La raíz del conflicto entre el Gobierno y las empresas se remonta a principios de abril, cuando el aumento del precio del combustible, en parte debido a la inestabilidad en Oriente Medio, llevó a las compañías a solicitar una actualización de los subsidios y a exigir el pago de deudas acumuladas que suman cifras millonarias. Ante la falta de respuestas efectivas y rápidas por parte del Gobierno, las empresas se vieron forzadas a reducir sus servicios, lo que ha causado malestar y frustración entre los usuarios, que han visto cómo su movilidad se ve comprometida. Además, se ha advertido que, en caso de no obtener una solución pronta, la frecuencia de los colectivos podría caer hasta un 50%.
Desde el Ministerio de Economía se ha confirmado que se está considerando un aumento tarifario, aunque la magnitud de dicho incremento sigue siendo incierta. Este dilema se convierte en un reto para el ministro Luis Caputo, quien debe equilibrar el aumento de precios del transporte con la urgente necesidad de controlar la inflación, que en marzo alcanzó un 3,4%. El Gobierno ha manifestado su compromiso de reducir la inflación a partir de abril, por lo que un incremento en el boleto podría contradecir esta promesa y generar descontento social.
El objetivo central de la reunión entre el Ministerio de Transporte y las empresas será analizar la situación financiera del sector, que ha sufrido una drástica reducción del 20% en la frecuencia de sus servicios. Las empresas argumentan que esta disminución se debe a la demora en el pago de subsidios por parte del Estado, sumado al efecto directo que ha tenido el aumento de los combustibles en sus operaciones. Este entorno operativo adverso pone en jaque la viabilidad de muchas de estas empresas, que ven en el Gobierno su principal fuente de apoyo financiero.
Una fuente del sector empresarial ha revelado que la deuda total con las empresas de colectivos asciende a $130.000 millones. Sin embargo, se ha informado que la provincia de Buenos Aires planea abonar su parte de la deuda, lo que reduciría el monto a $100.000 millones, que quedaría en manos del Gobierno Nacional. Aunque este pago podría ofrecer un respiro a las empresas, la situación sigue siendo crítica, ya que persiste el conflicto por el atraso en la entrega de los fondos nacionales, lo cual complica aún más el panorama.

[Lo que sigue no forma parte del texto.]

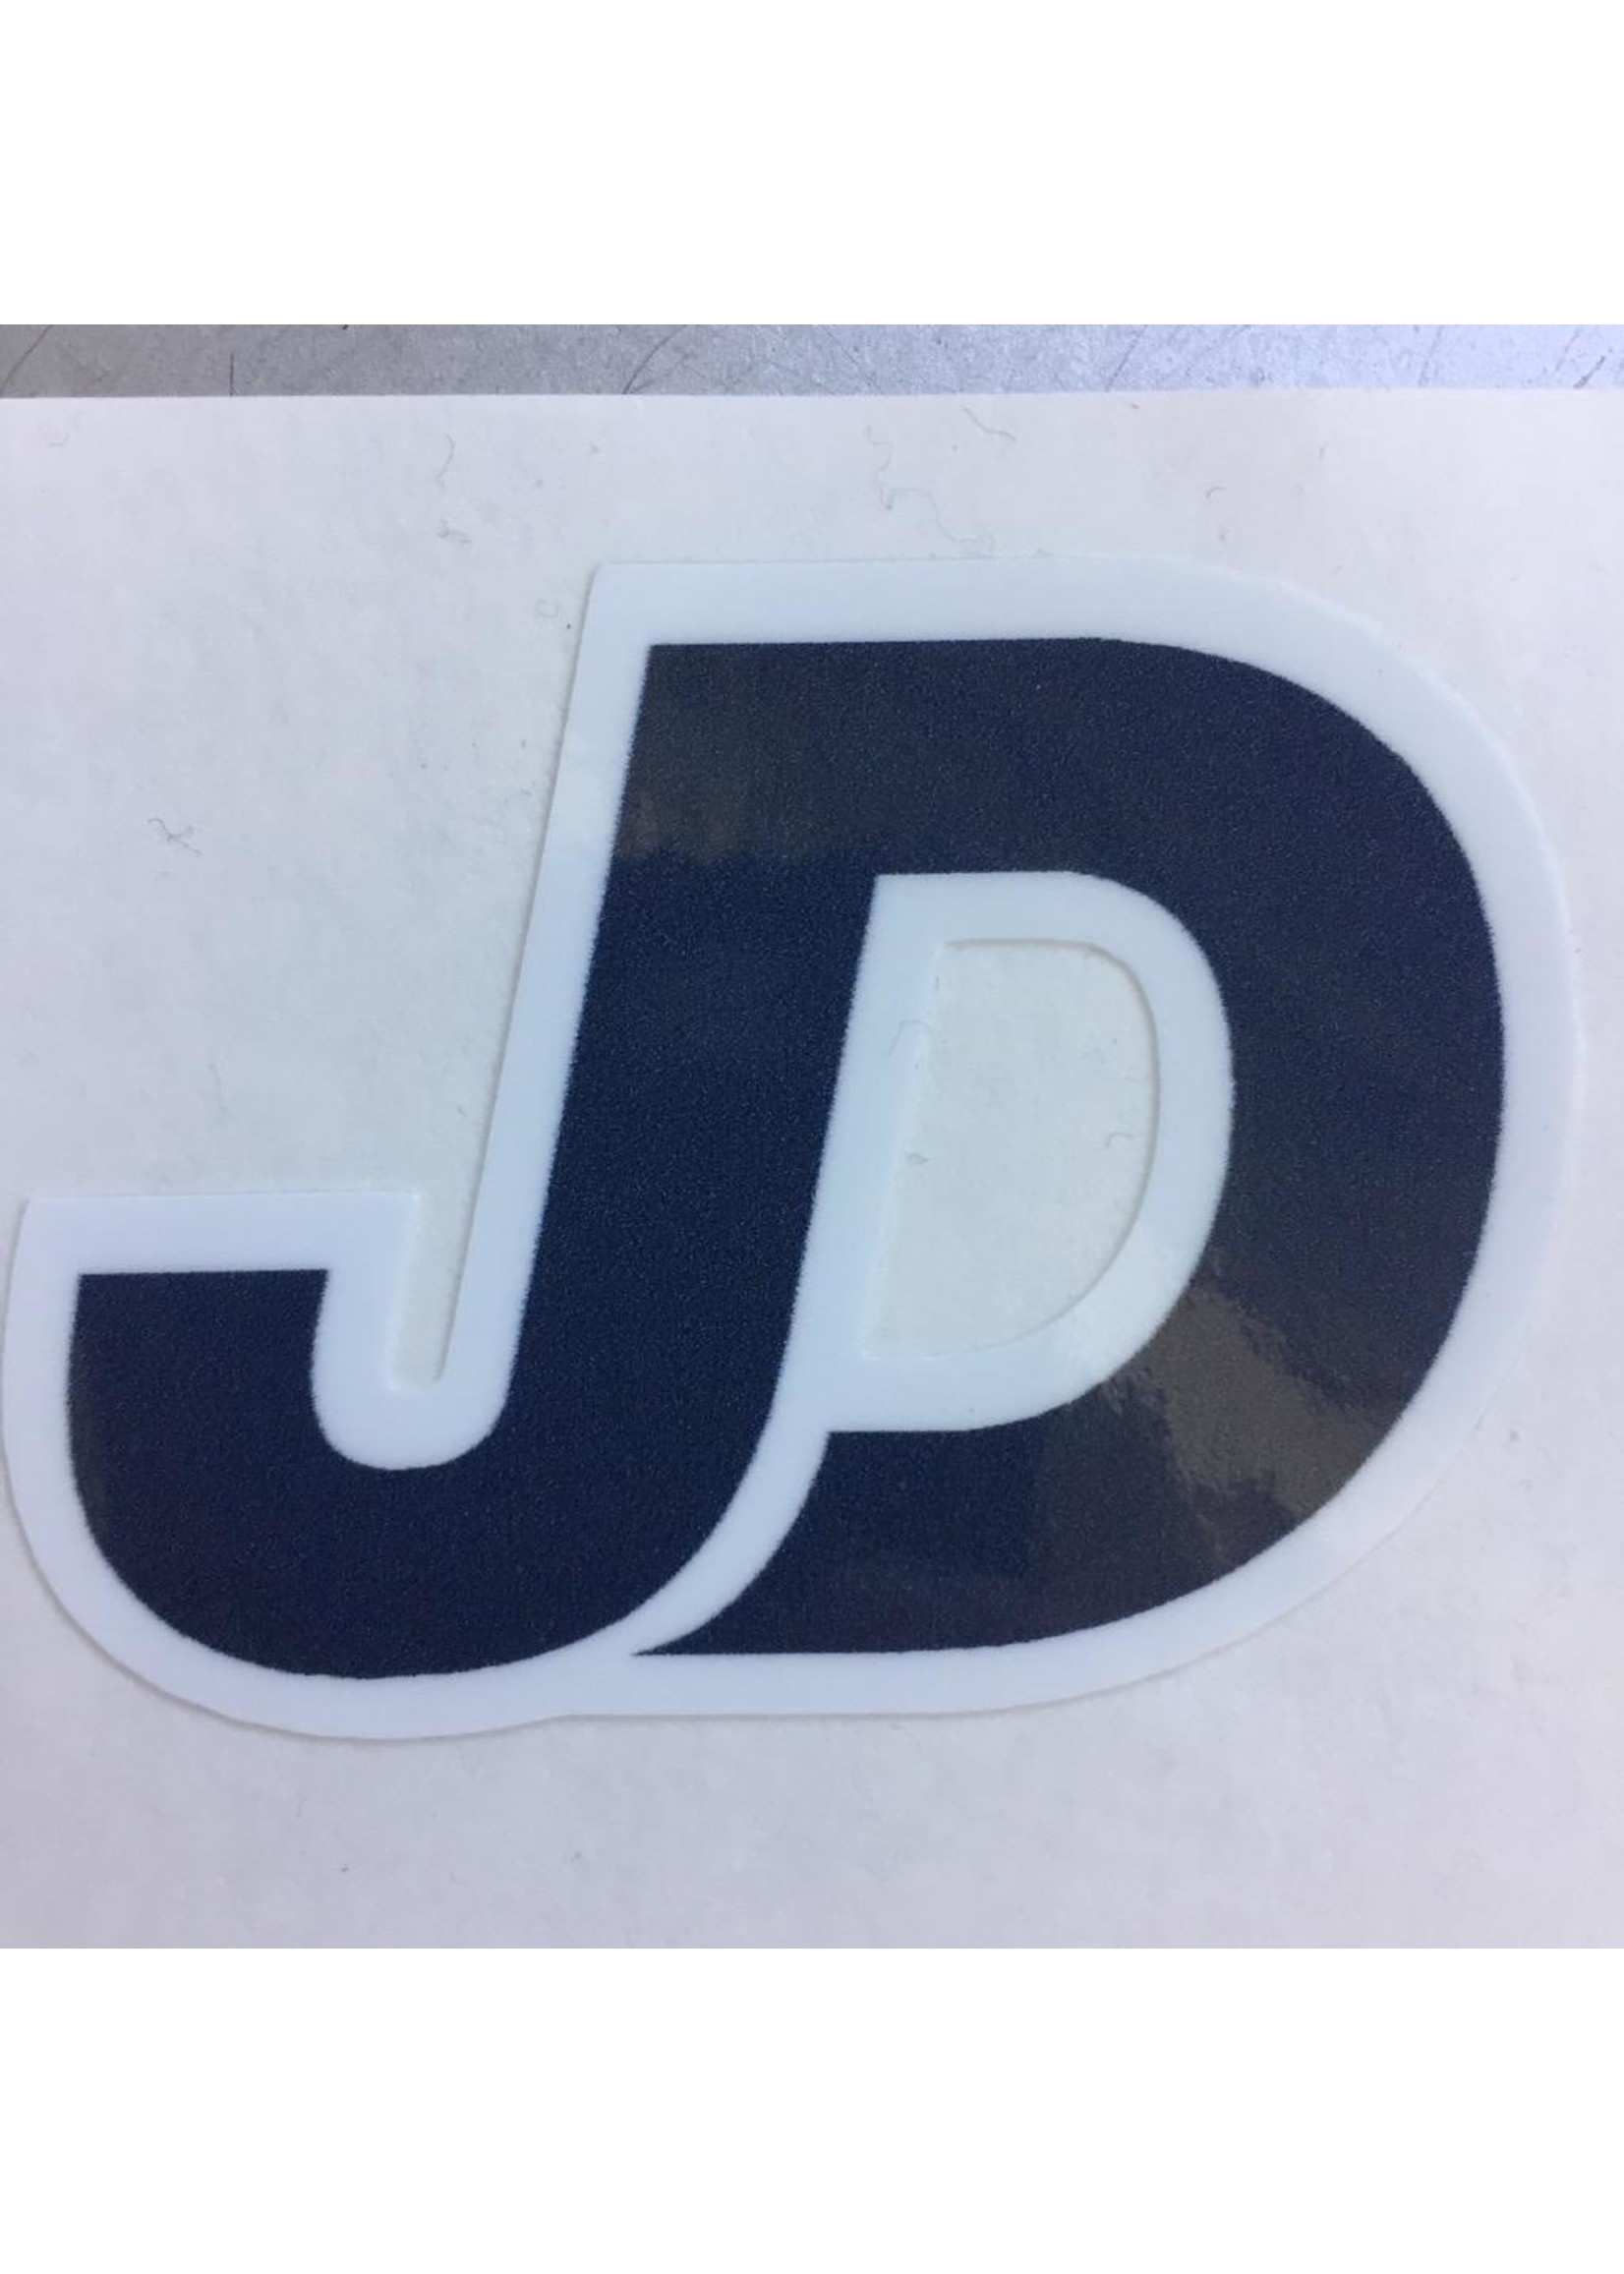 NON-UNIFORM JD Sticker - 2.25”x1.25” JD, navy/white decal

El contexto económico general también afecta a la situación del transporte público. De acuerdo con datos del Tesoro Nacional, el Gobierno ha tomado decisiones para postergar pagos con el fin de mantener el superávit fiscal, lo que ha llevado a que la deuda flotante del Tesoro se dispare a casi $2 billones. Esta estrategia, aunque busca el equilibrio fiscal, tiene repercusiones en la operatividad del transporte público, poniendo en riesgo la movilidad de millones de ciudadanos y generando un clima de incertidumbre en el sector.
La reunión del jueves será crucial para determinar el rumbo del transporte público en el AMBA, y la posibilidad de un aumento en el boleto plantea interrogantes sobre cómo se abordará la crisis actual. La respuesta del Gobierno y la capacidad de las empresas para adaptarse a este nuevo escenario marcarán el futuro de un servicio esencial para la población.